**EXERCISE DESCRIPTION:** Further down are entries; set down exactly and only the lines from the one with "Ritz hotel_public area (1)" up to and including the one with "OTIS GOES HOLLYWOOD 1 2 Bob Fingerman", dropping each picture.
##### SOURCE RECORDS
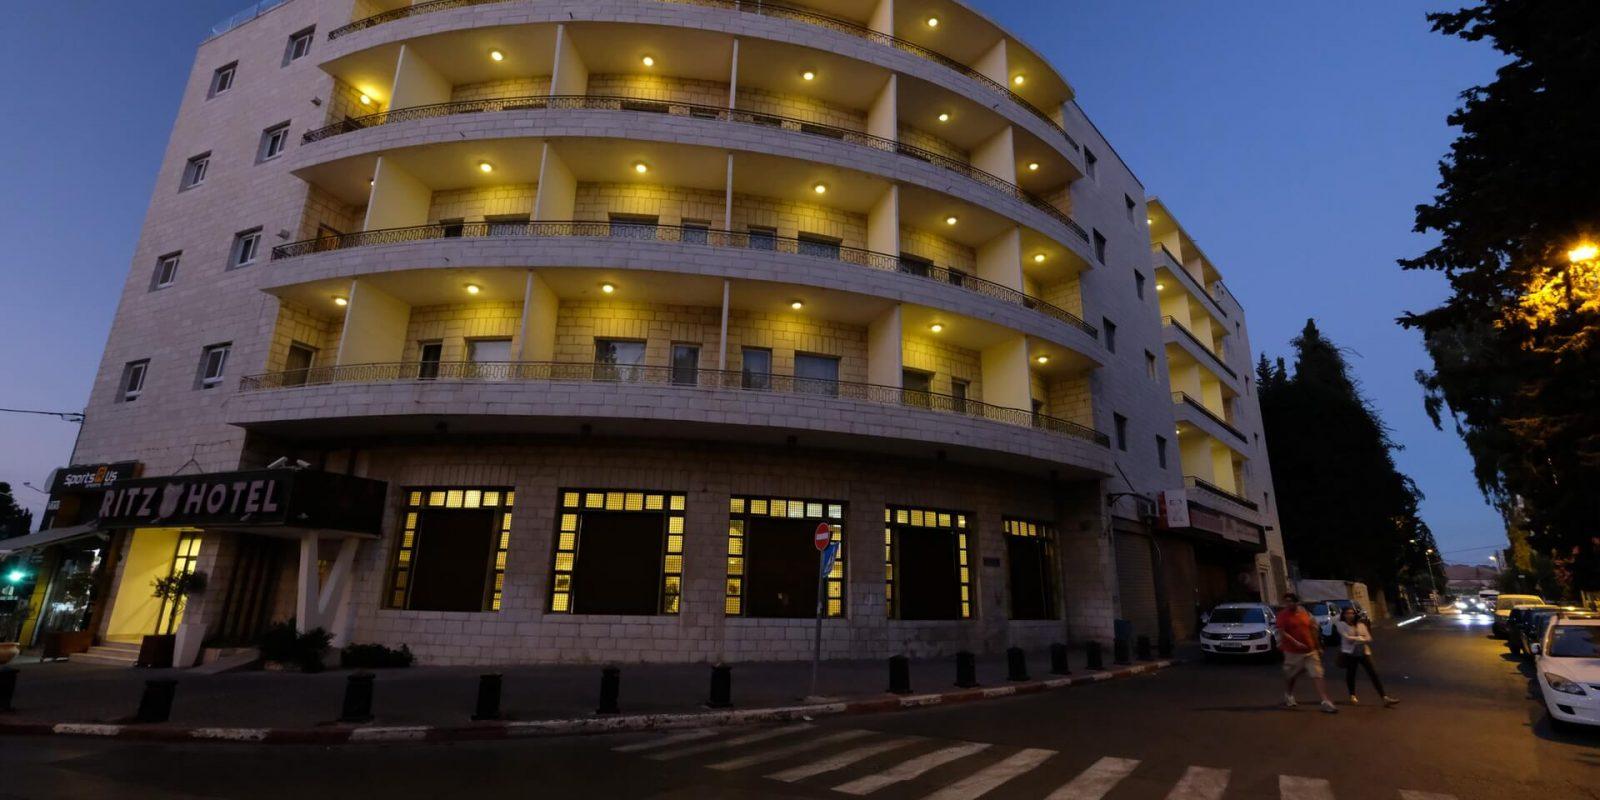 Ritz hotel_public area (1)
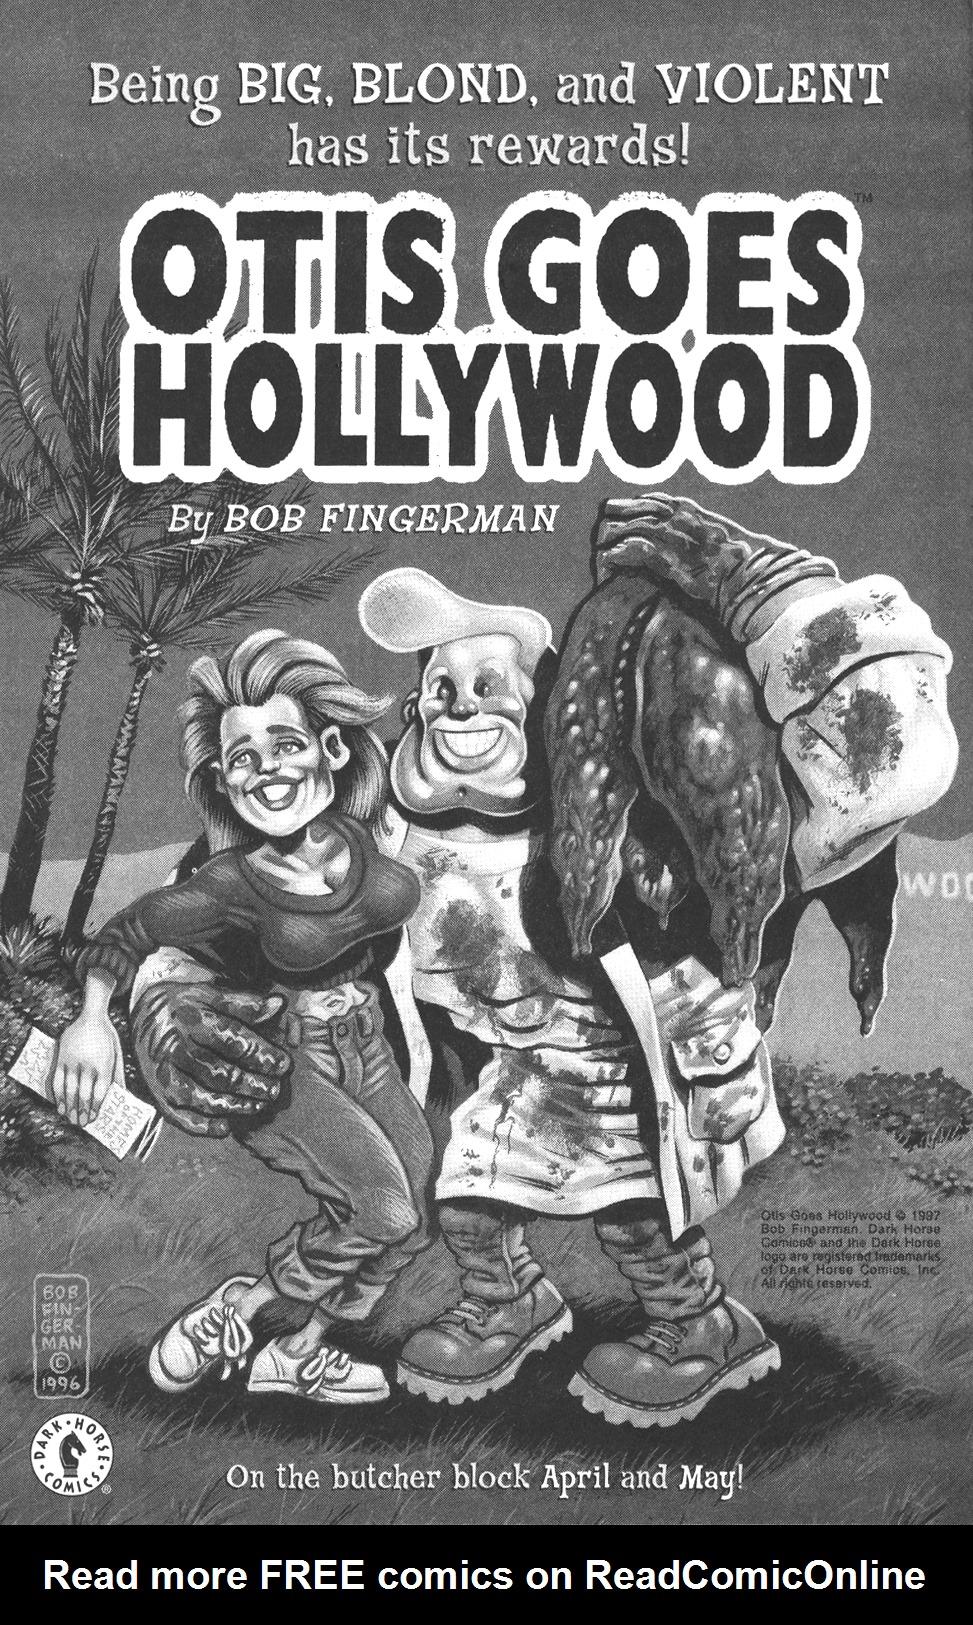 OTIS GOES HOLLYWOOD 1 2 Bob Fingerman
##########
##### SOURCE RECORDS
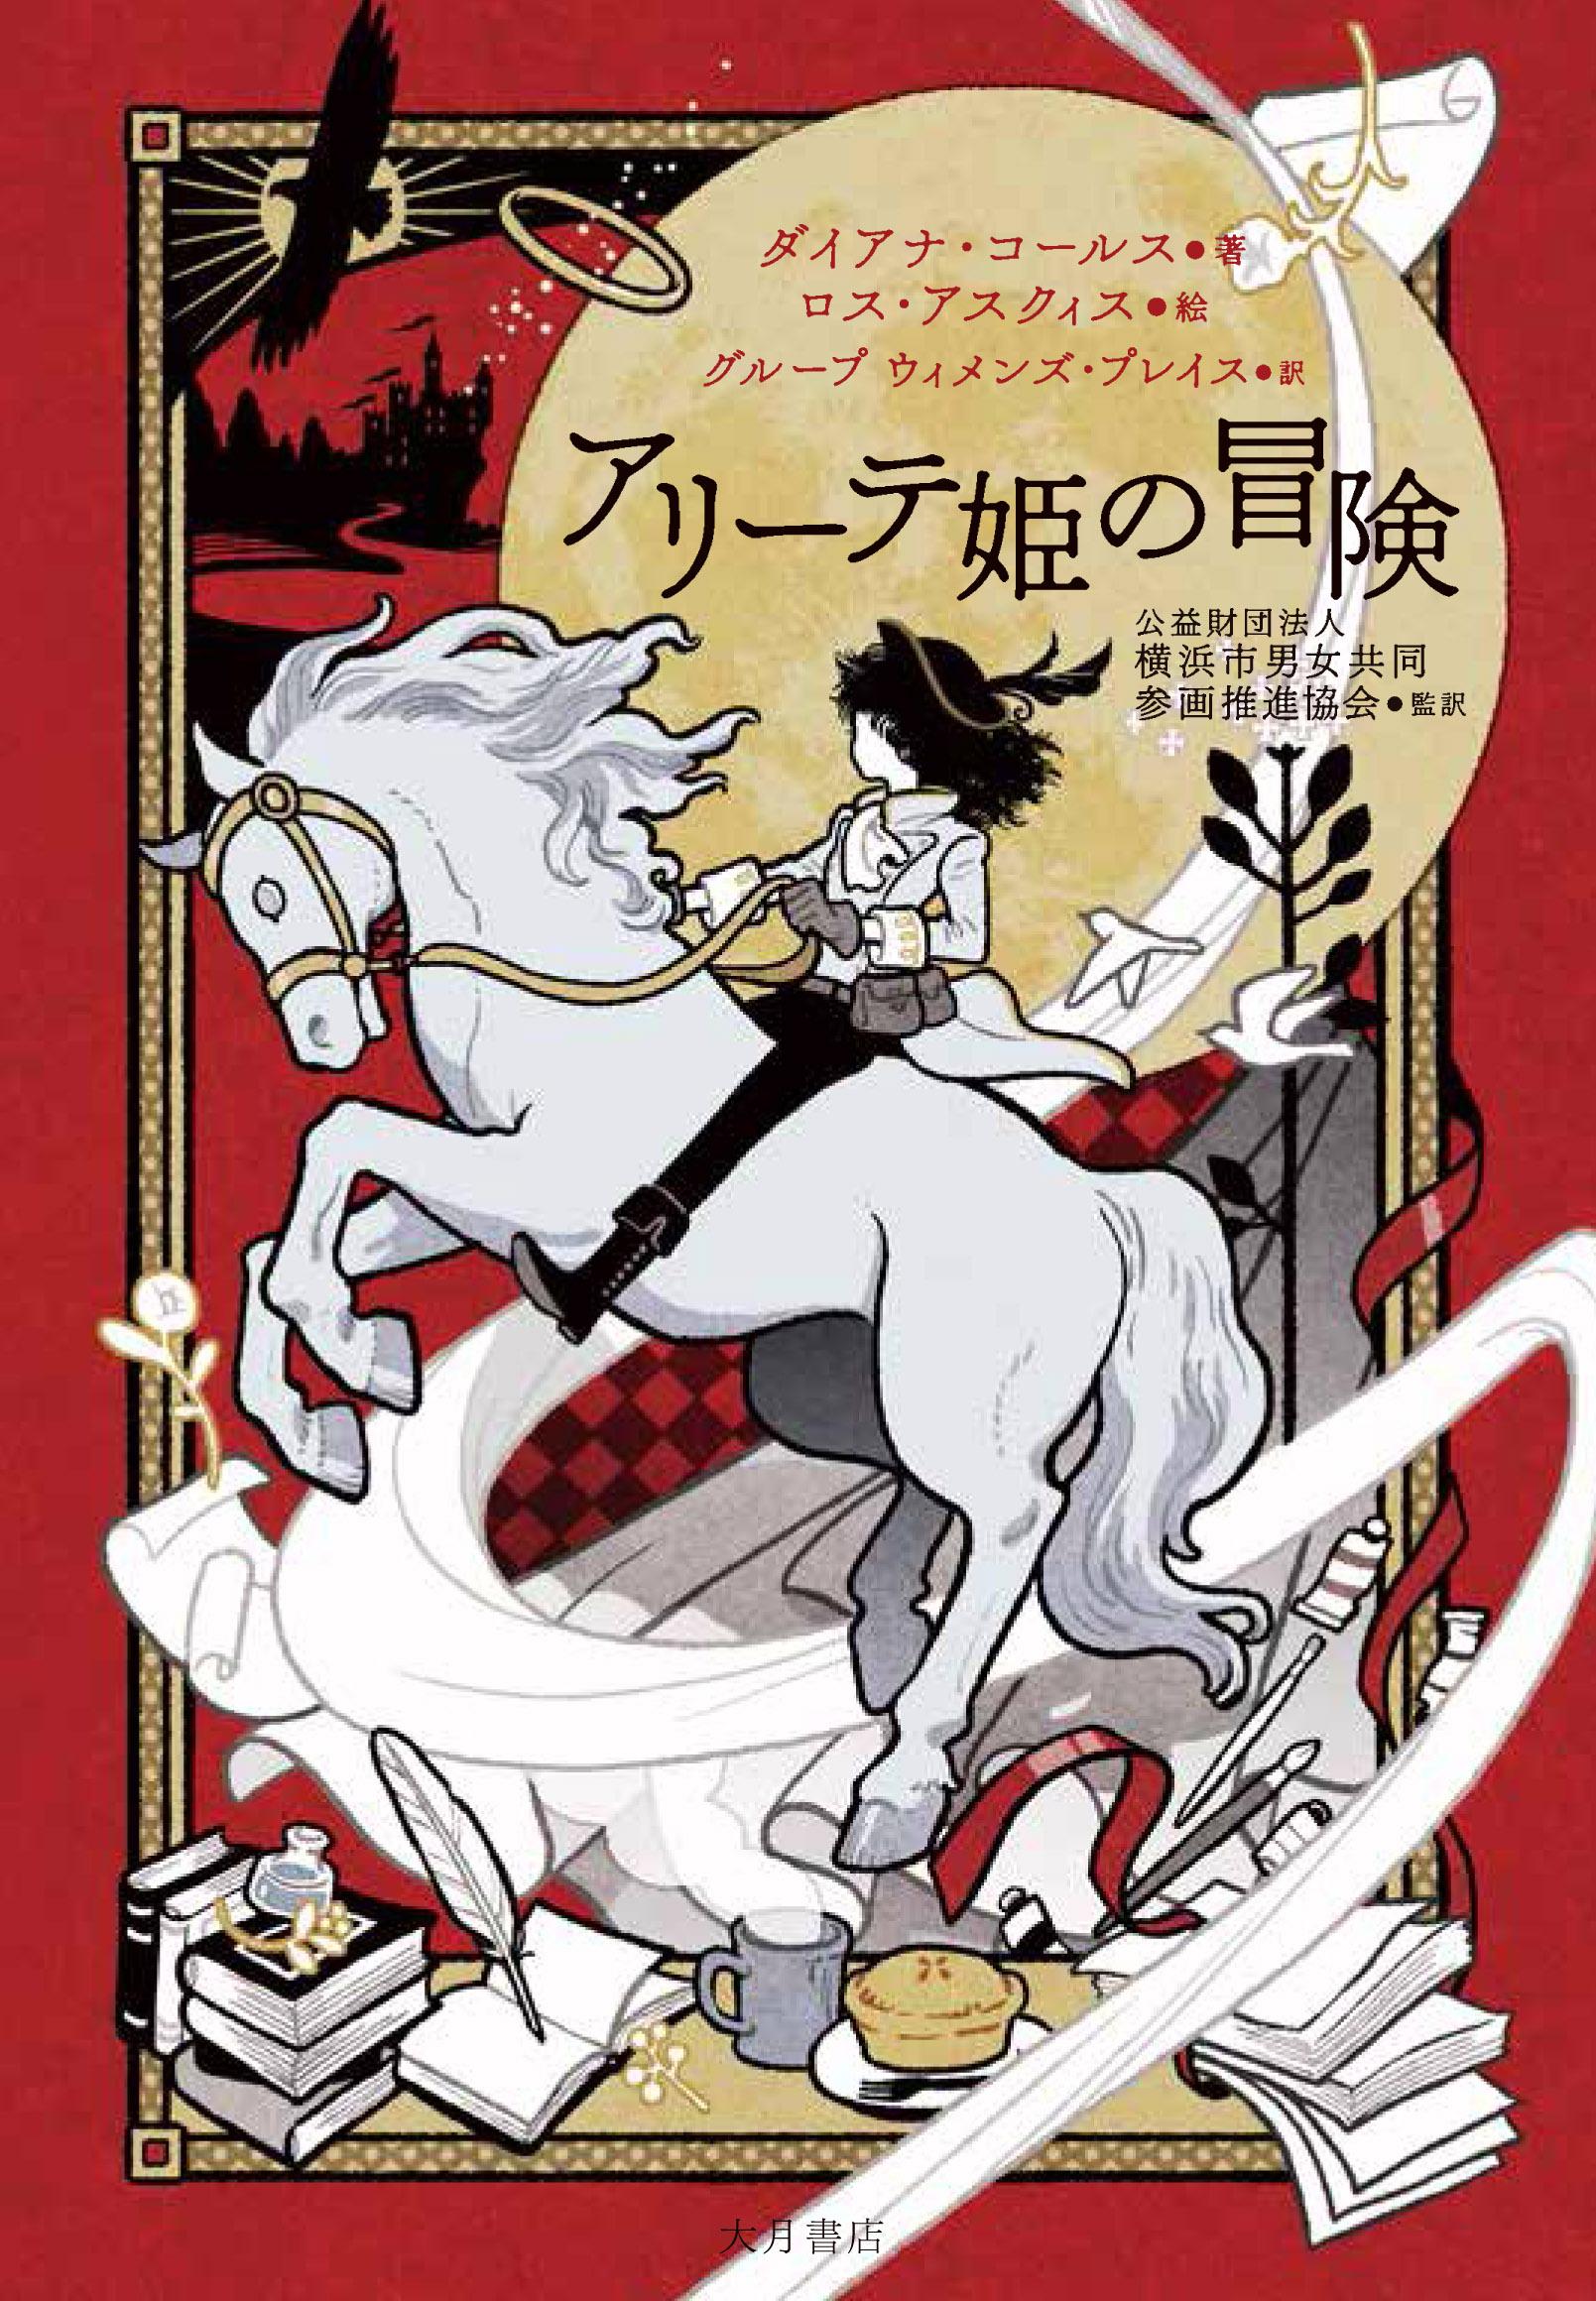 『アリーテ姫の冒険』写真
##########
##### SOURCE RECORDS
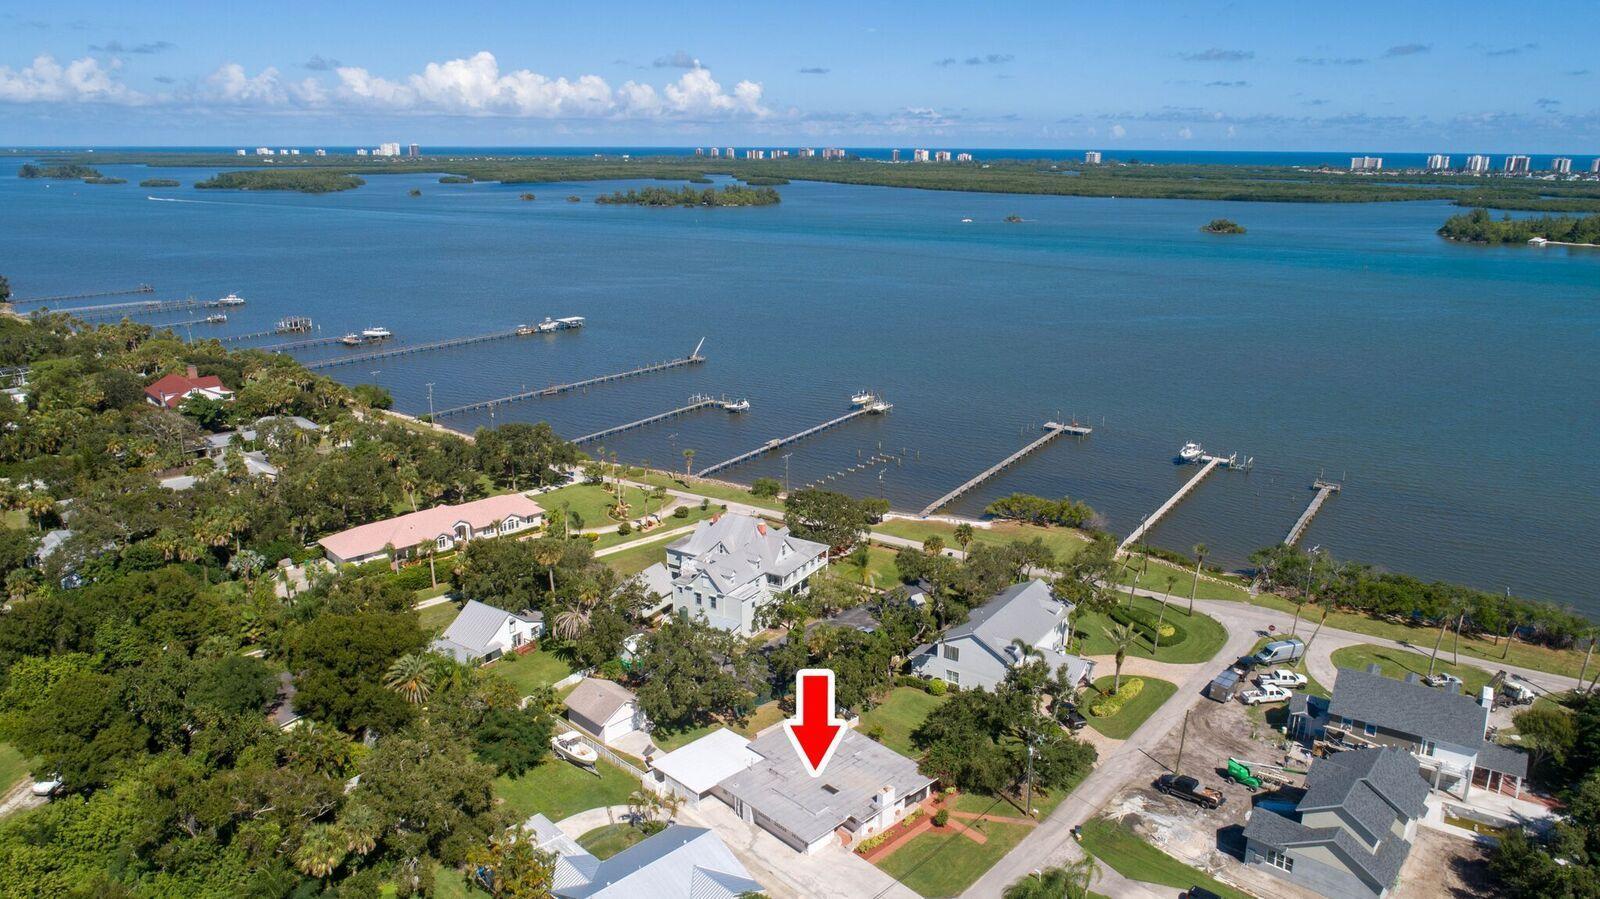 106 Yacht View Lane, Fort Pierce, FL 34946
##########
**EXPECTED OUTPUT:**
 Ritz hotel_public area (1)
 OTIS GOES HOLLYWOOD 1 2 Bob Fingerman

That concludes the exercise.